第30話 天下人六角定頼

主要登場人物別名


左兵衛大夫… 蒲生定秀 六角家臣


――――――――


 

 戦火も収まり、定頼本隊もようやく上洛した頃、定秀は自陣内で設置した療養小屋を訪ねていた。

 小屋の中では逃げ遅れた者達を収容し、医師の吉田宗忠を呼び寄せて治療に当たらせていた。

 吉田宗忠は元々近江愛知郡吉田村の土豪で、六角配下の目賀田氏の領民だった男だ。医術を学んで室町幕府にお抱え医師として仕えていたが、法華の乱では目賀田の縁を頼りに六角家に庇護を求めて来ていた。

 戦乱中は坂本に留め置かれた宗忠だったが、定秀の要請によって避難民の治療に当たるよう定頼から依頼を受けて再度上洛していた。


「吉田殿。人手は足りておるか?」

「これは左兵衛大夫様。ご覧の通り天手古舞でございます。人手はいくらあっても足りませぬよ」


 宗忠は目の下に大きな隈を作りながら、それでも笑顔を見せて定秀を迎えた。


「そうか……我らで手伝えることがあるならいくらでも言ってくれ。必要な物資もだ。遠慮は無用にな」

「はい。取り急ぎ、人々に与える食が足りませぬな。もう少し食料をお願いいたします」

「わかった。至急日野から稗と赤米を取り寄せよう」

「ありがとうございます」


 そう笑うと、宗忠は再び患者の見回りに戻った。


 小屋の中では重傷を負って歩けない者を中心に寝かせ、動ける者は外で多少の運動を兼ねて宗忠の手伝いをさせている。

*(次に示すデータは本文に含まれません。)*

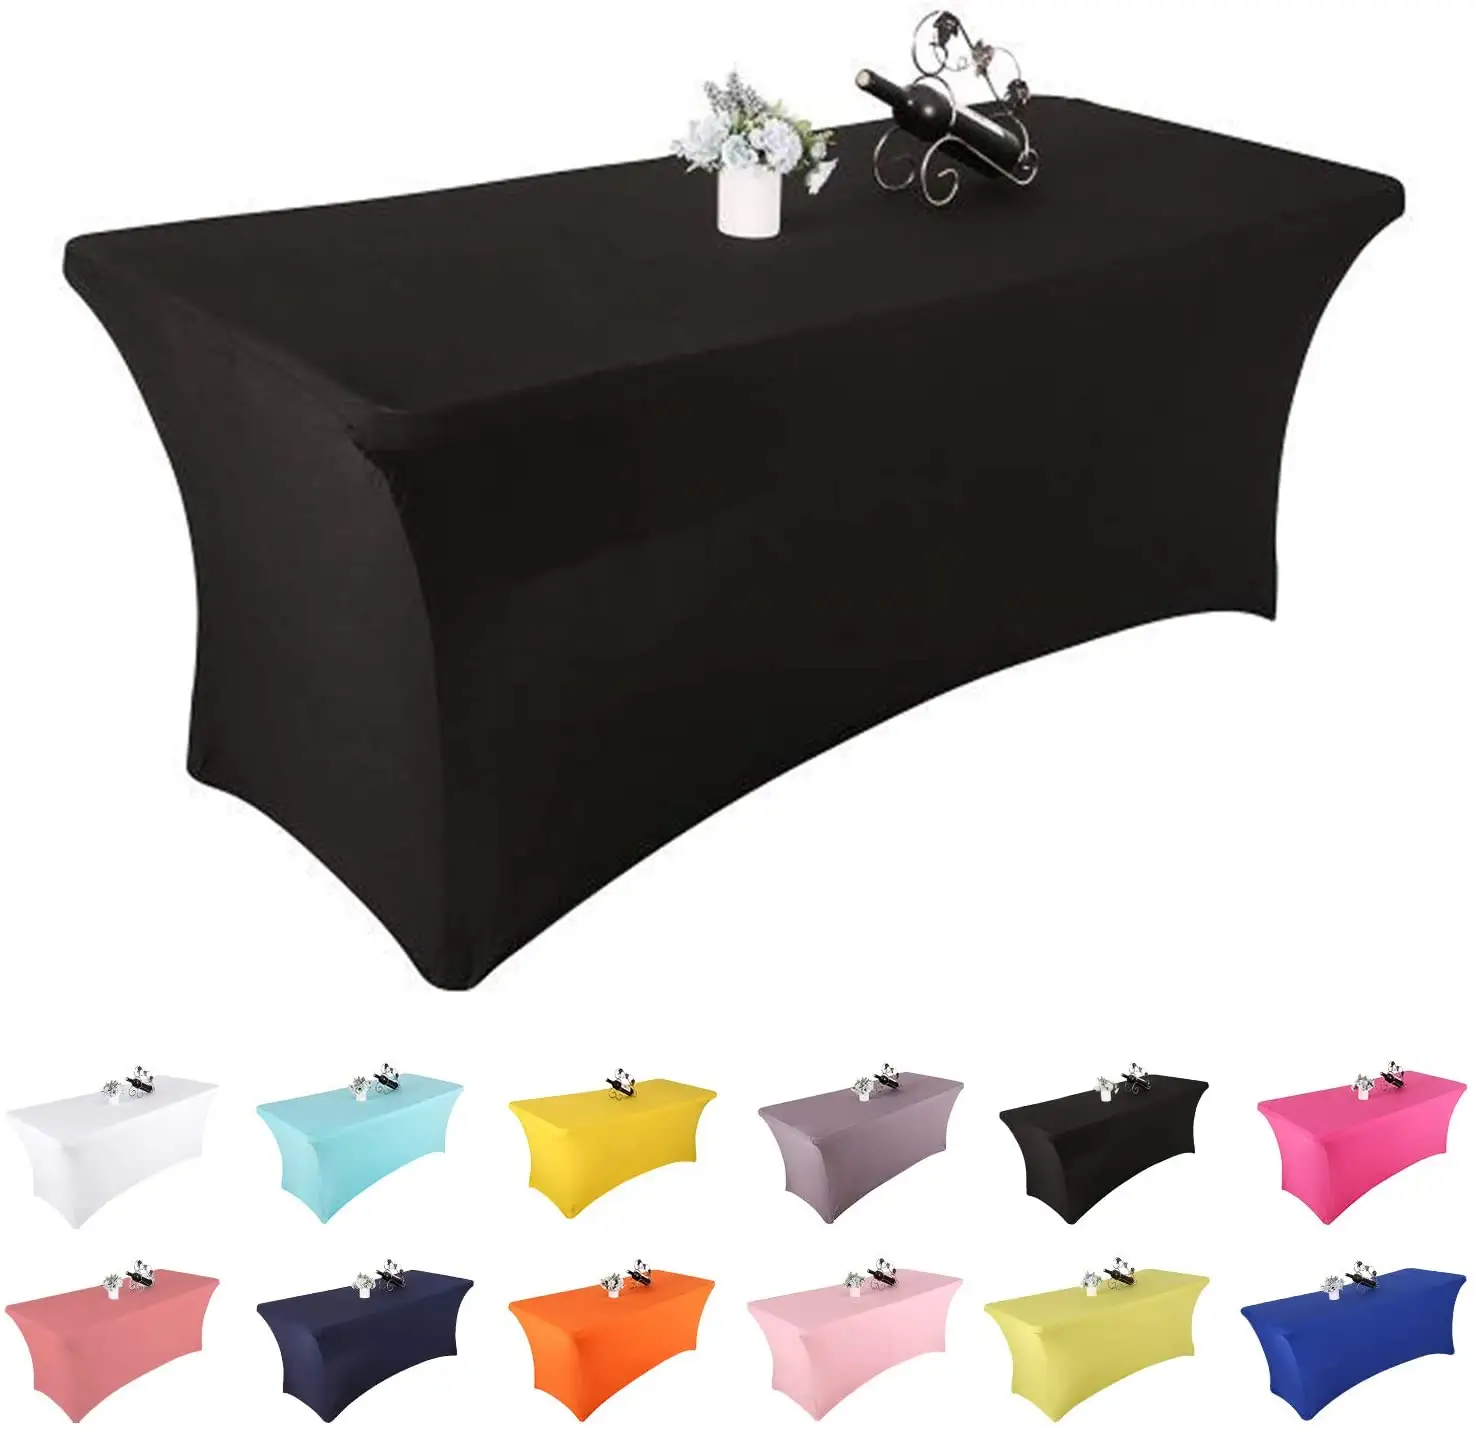 Couverture de Table en Spandex de 6 pieds, couvre-lit rectangulaire, en Polyester, extensible, pour lit
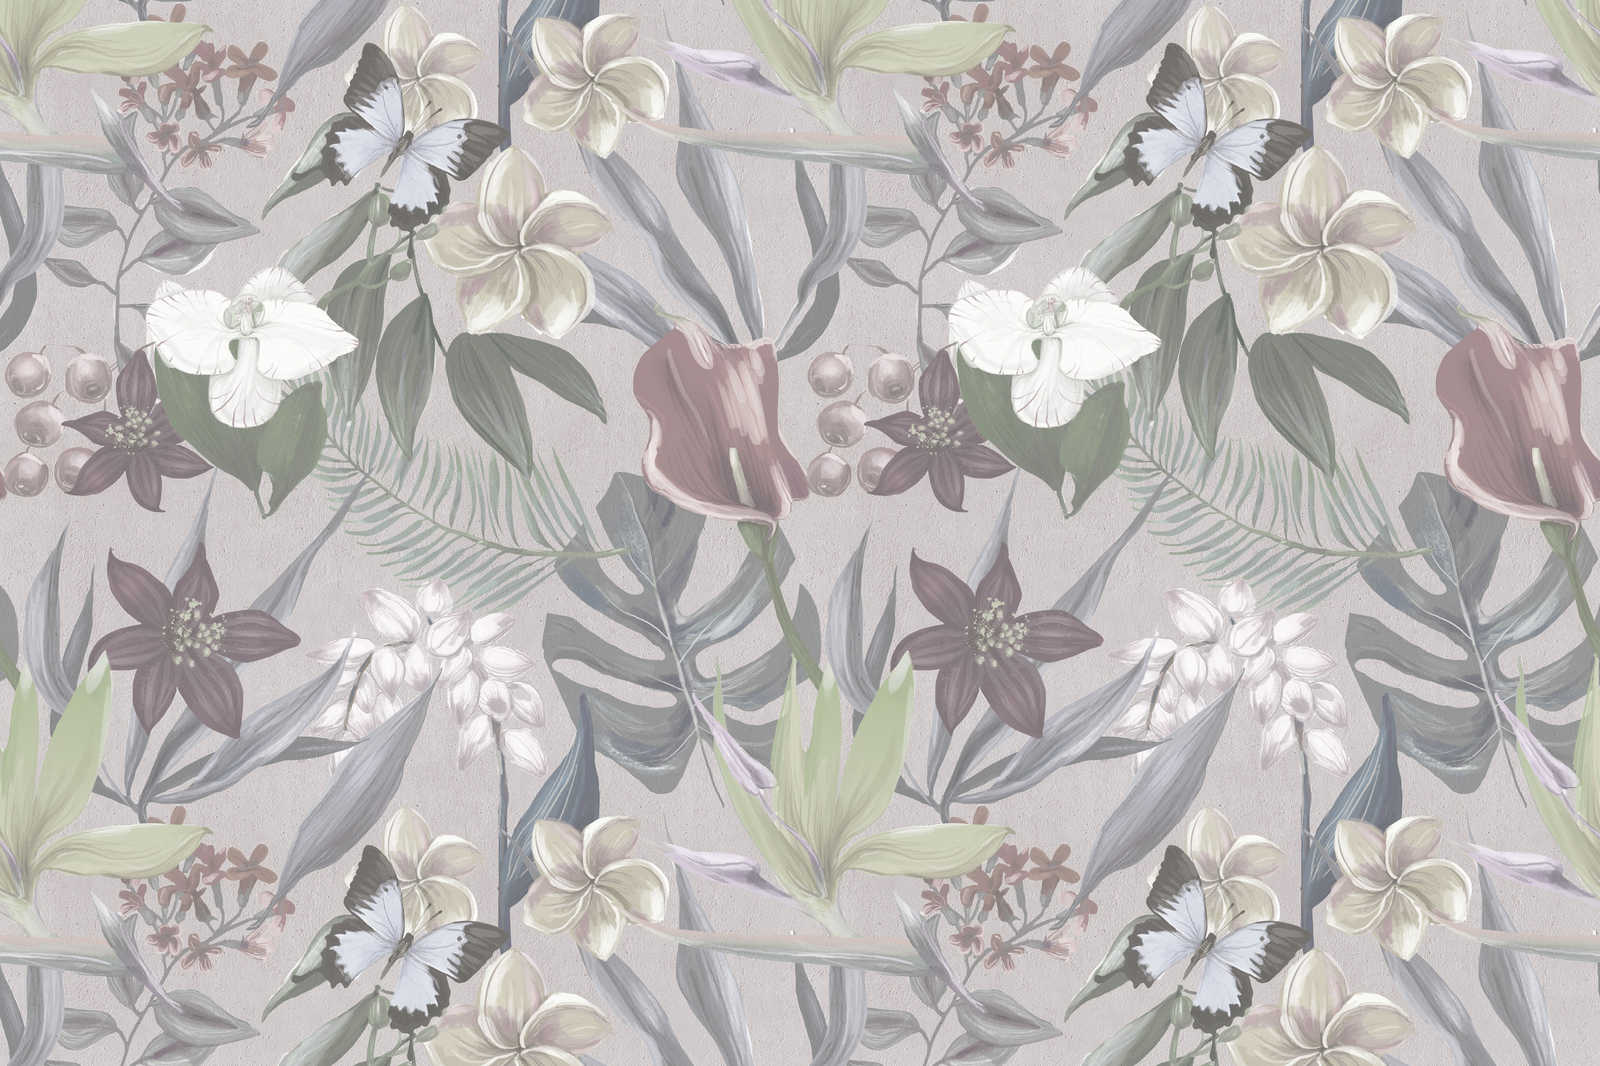             Jungle florale dessinée sur toile | gris, blanc - 1,20 m x 0,80 m

 定秀が視線を巡らせると、定秀に助けを求めた女がまめまめしく立ち働いている姿が目に入った。視線を感じた女がふと定秀の方を見ると、ペコリと頭を下げて近づいてくる。


「蒲生様。過日は本当にありがとうございました」

「いや、元気になったのならば良かった」


 女は「雪」と名乗った。二十歳頃の娘で、定秀の見立て通り衰弱の原因は食不足だった。蒲生陣に保護された雪は、吉田宗忠の看護と配られる粥によって見る見るうちに元気を取り戻し、三か月が経ったこの頃には宗忠の手伝いをして怪我人の手当てに回っていた。

 元々目に強い意志の光を宿す雪だったが、食を得たことでふっくらと女性らしい顔つきに変わっており、今はその目は優し気な光を湛えている。


「ところで、お主の縁者は無事に逃れたのか?」

「……私に身内はおりません。私は細川様の戦の折り、家族とはぐれて天涯孤独でございます」

「そうか……」

 寂しそうな雪の顔に、定秀も迂闊な事を聞いたと後悔した。


 細川様の戦とは、細川晴元と細川高国が争った『桂川原の戦い』のことだ。あの時、定秀は京の政情に関与したくない定頼の指示によってロクに戦闘を行わずに近江に引き上げた。

 もしも六角家があの時本腰を入れて介入していれば、今回の戦乱は起こらなかったかもしれない。そう思うと、定秀には何故ともない罪悪感があった。


 その後、雪は京の商家に奴隷として拾われ、諸々の雑用をこなしながらなんとか暮らして来たという。

 飢饉の多発していた時代では奴隷に回る食は少なく、何とか命を繋ぐのが精一杯な暮らしをしてきたが、今回の戦乱によって足手まといとして置いて行かれて同じく周囲の家から置いて行かれた女達を集めて例の商家の一室で細々と生き延びて来たのだそうだ。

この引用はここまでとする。